= Immune Power Diet =

The Immune Power Diet is a pseudoscientific elimination diet promoted by physician Stuart M. Berger (1953–1994). The diet was based on the false idea that many people have hidden food allergies and that by eliminating certain foods and taking dietary supplements the body's immune system would be strengthened.

==History==

Berger authored Dr. Berger's Immune Power Diet in 1985. The book states that different health problems including AIDS and obesity are the result of an "immune hypersensitivity response" to common foods and that "detoxification", dietary supplements and weight loss can strengthen the immune system.

Berger advises his readers to eliminate what he called the "Sinister Seven" from their diets, as they cause immune damage. These include dairy, wheat, yeast, eggs, corn, soy and sugar. After "detoxifying" the immune system and elimination was completed, these foods could be gradually eaten again, but no more than once every four days.

In 1994, an autopsy revealed that Berger died from hypertension and cardiovascular disease. Contributing factors to his death were cocaine addiction and obesity.

==Criticism==

The Immune Power Diet was criticized as unscientific and described as quackery by nutritionists. The Harvard Medical School Health Letter suggested the book was fiction and based on quack ideas about food allergies. The diet may cause malnutrition.

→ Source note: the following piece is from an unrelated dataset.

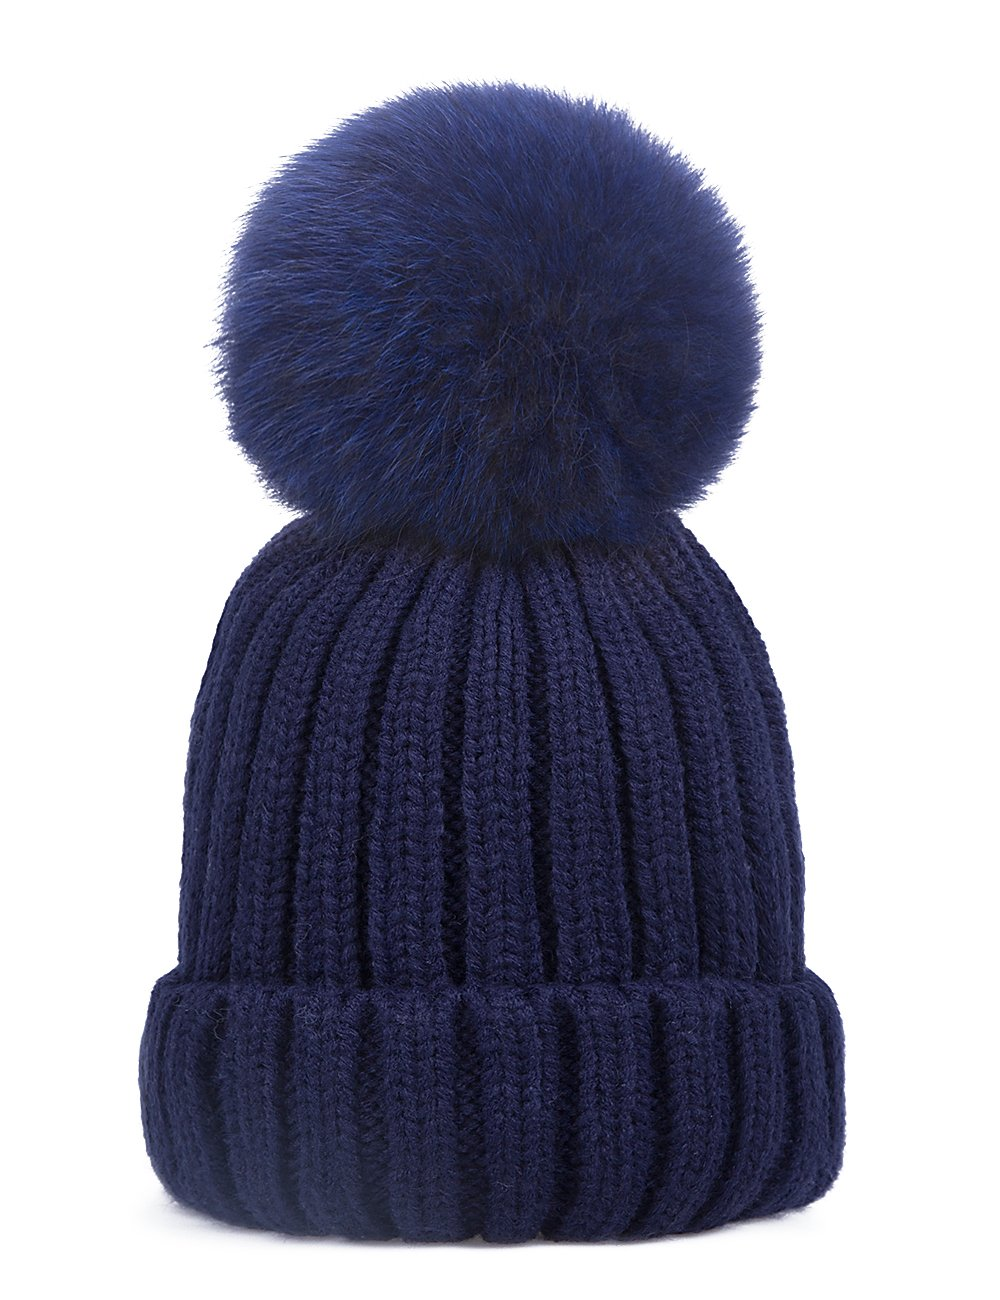 EVRFELAN Winter Hand Faux Fur Hat Pompoms Beanie Cable Knit Warm Family Crochet Ski Skull Cap for Girls (fox dark blue)

Berger's claim that 30% of American people have food allergies is not supported by scientific research. The real figure (as of 2017) is less than 4%.

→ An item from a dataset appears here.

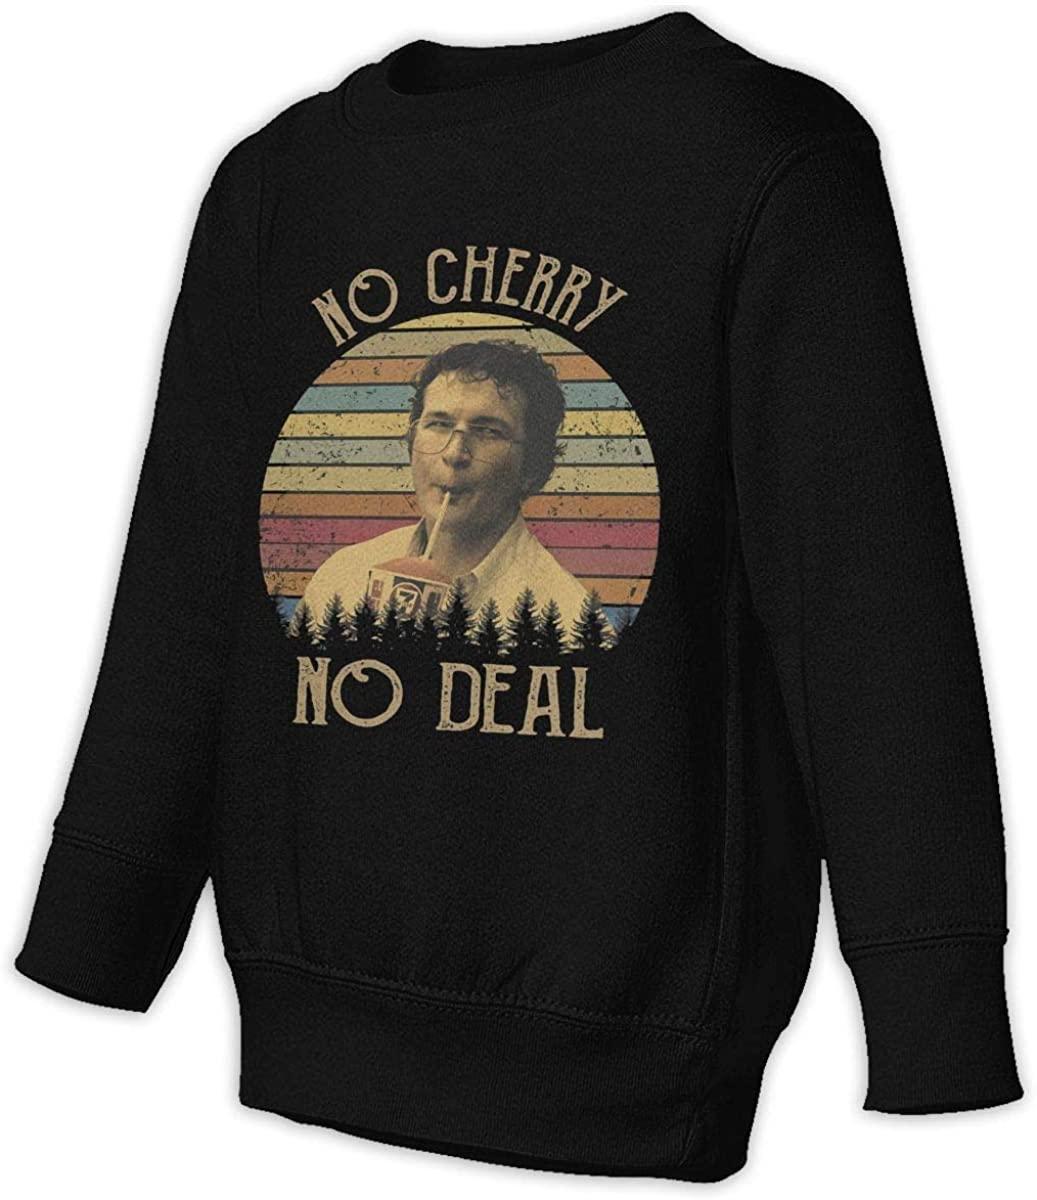 LSHLKJDFN No Cherry No Deal Vintage Unisex Sweatshirt Youth Boy and Girls Pullover Sweatshirt Black

Berger advocated dangerous megavitamin supplements for different ills which were unsupported by scientific evidence. Nutritionist Jack Z. Yetiv noted that Berger recommended his patients to megadose on Vitamin B6 supplements but these have been shown to be toxic in large amounts and the cause of irreversible nerve damage.

The Immune Power Diet is listed by immunologists as an ineffective treatment for AIDS.